On Thu, Sep 09, 2021 at 09:25:30AM +0200, Peter Zijlstra wrote:
> On Wed, Sep 08, 2021 at 09:08:33AM -0700, Linus Torvalds wrote:
> 
> > So if this is purely a RISC-V thing,
> 
> Just to clarify, I think the current RISC-V thing is stonger than
> PowerPC, but maybe not as strong as say ARM64, but RISC-V memory
> ordering is still somewhat hazy to me.
> 
> Specifically, the sequence:
> 
> 	/* critical section s */
> 	WRITE_ONCE(x, 1);
> 	FENCE RW, W
> 	WRITE_ONCE(s.lock, 0);		/* store S */
> 	AMOSWAP %0, 1, r.lock		/* store R */
> 	FENCE R, RW
> 	WRITE_ONCE(y, 1);
> 	/* critical section r */
> 
> fully separates section s from section r, as in RW->RW ordering
> (possibly not as strong as smp_mb() though), while on PowerPC it would
> only impose TSO ordering between sections.
> 
> The AMOSWAP is a RmW and as such matches the W from the RW->W fence,
> similarly it marches the R from the R->RW fence, yielding an:
> 
> 	RW->  W
> 	    RmW
> 	    R  ->RW
> 
> ordering.
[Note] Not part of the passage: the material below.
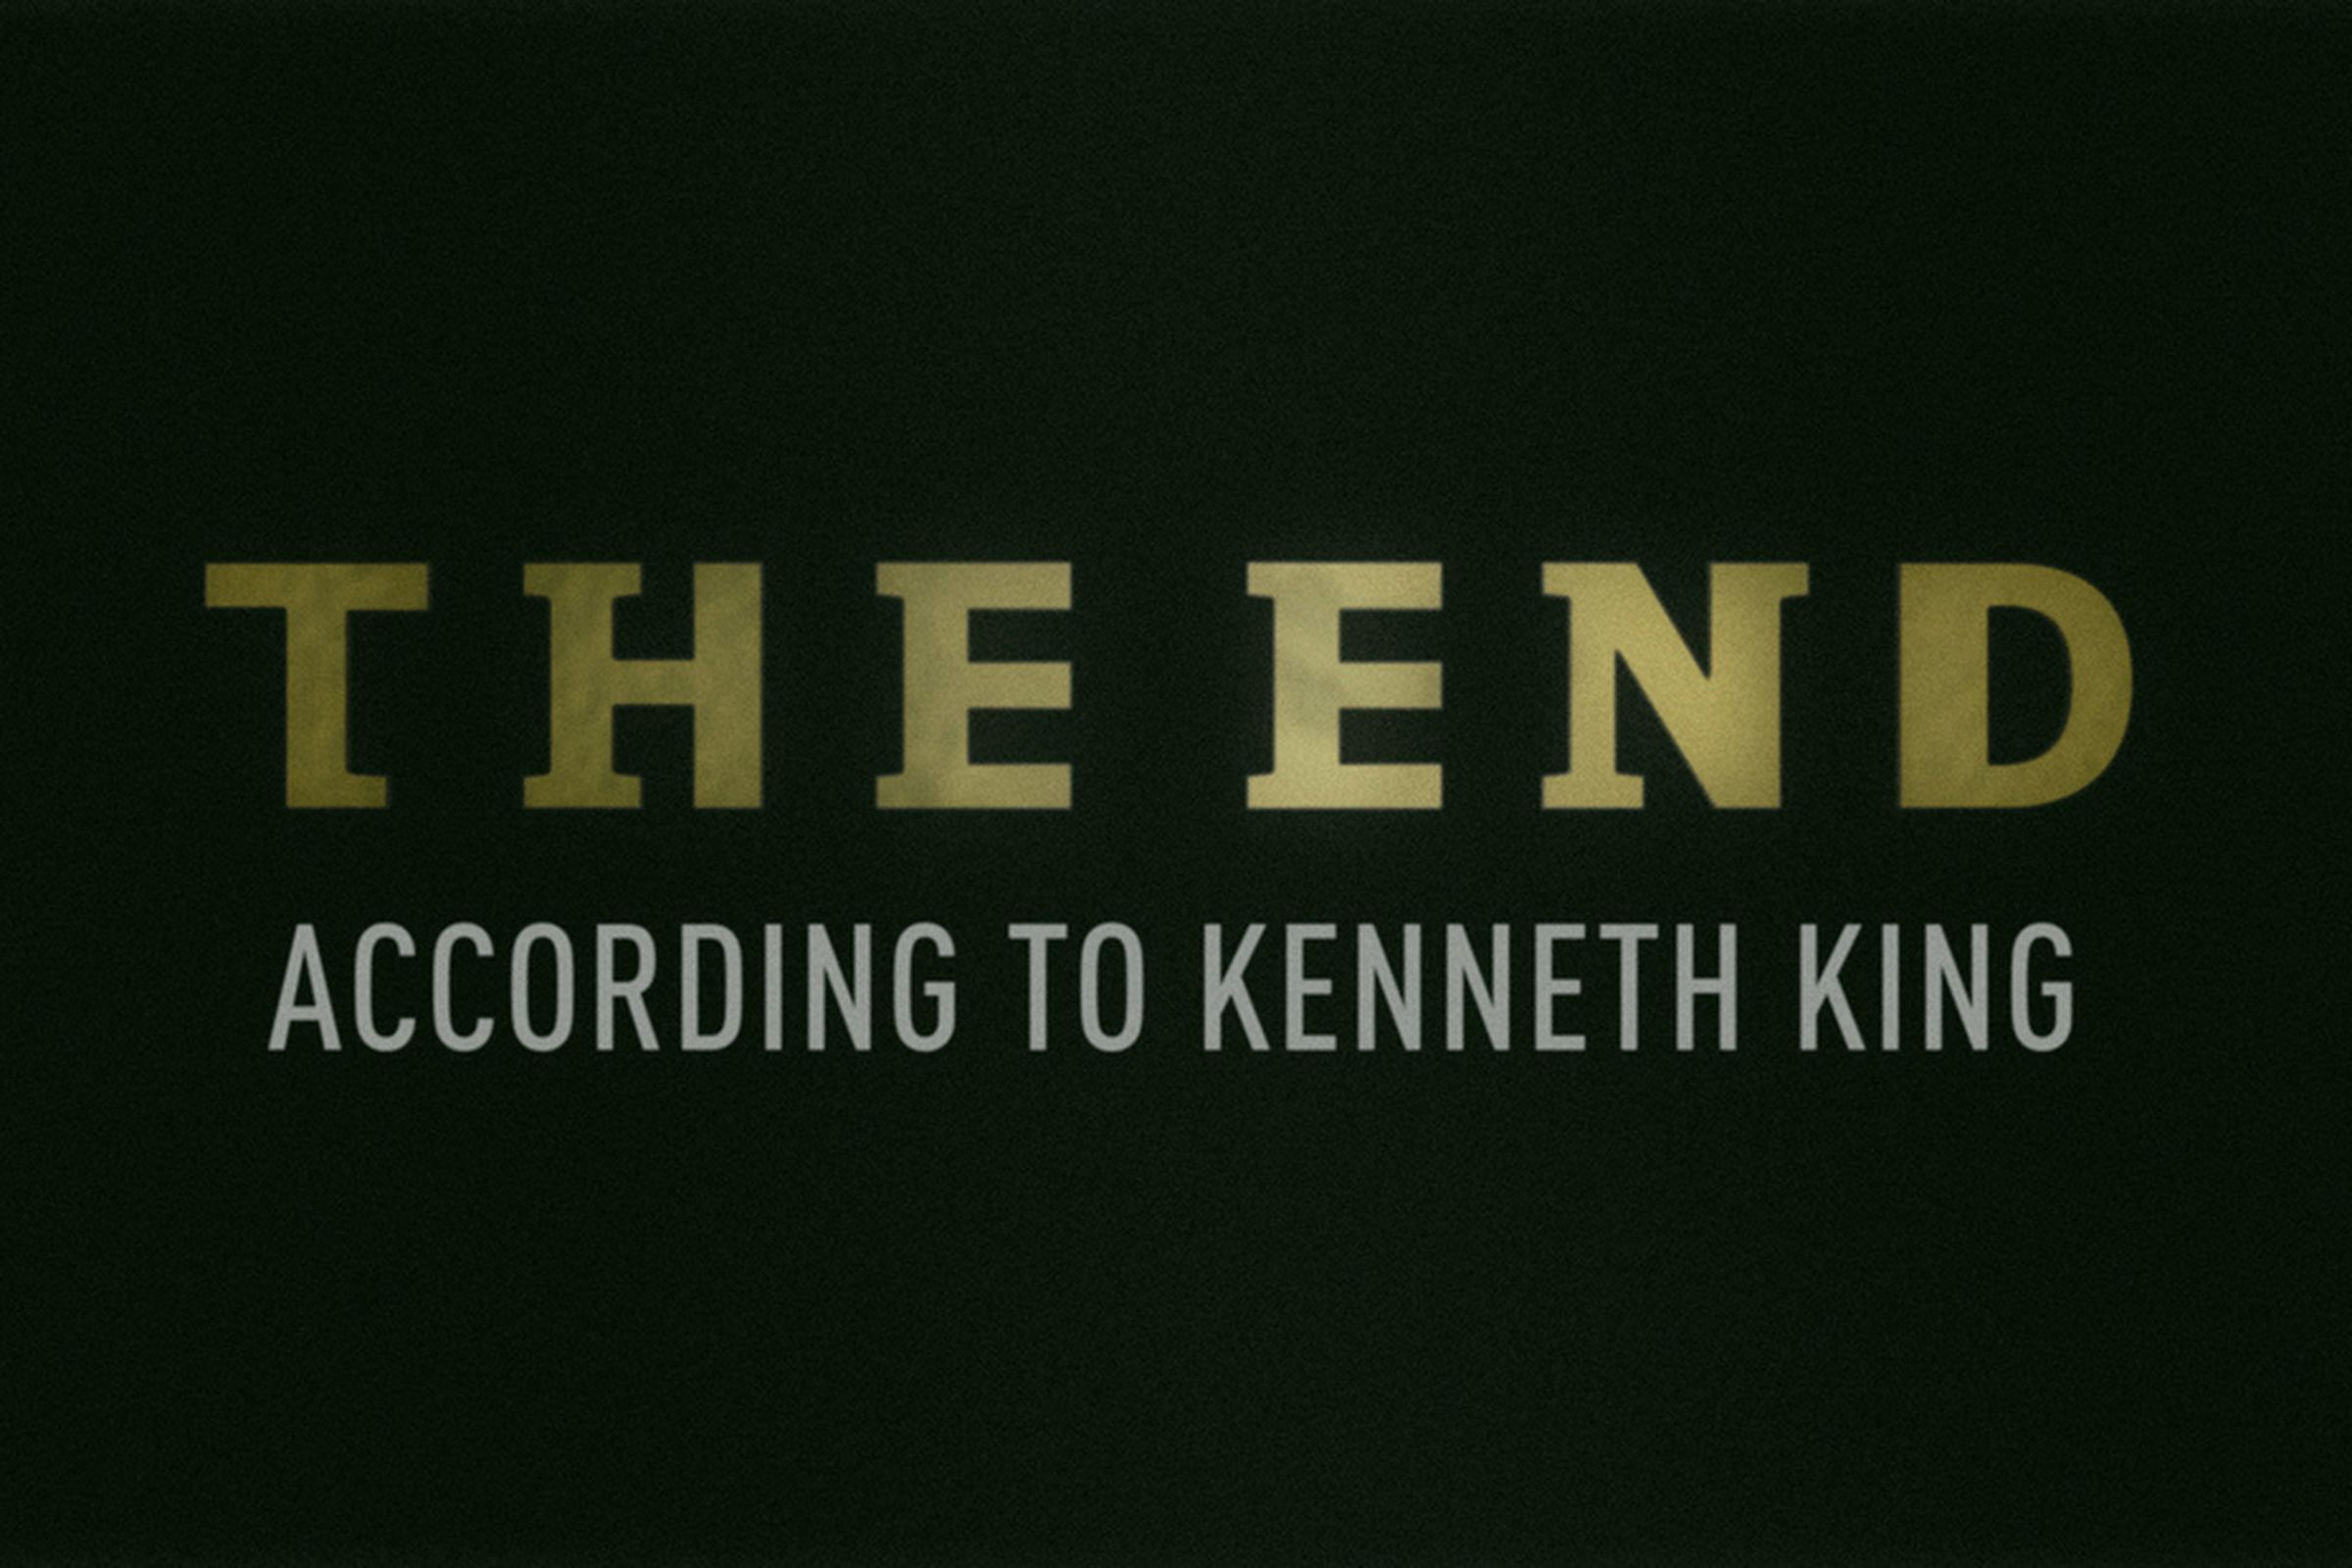 Kenneth King

It's the stores S and R that can be re-ordered, but not the
> sections themselves (same on PowerPC and many others).
> 
> Clarification from a RISC-V enabled person would be appreciated.
> 
> > then I think it's entirely reasonable to
> > 
> >         spin_unlock(&r);
> >         spin_lock(&s);
> > 
> > cannot be reordered.
> 
> I'm obviously completely in favour of that :-)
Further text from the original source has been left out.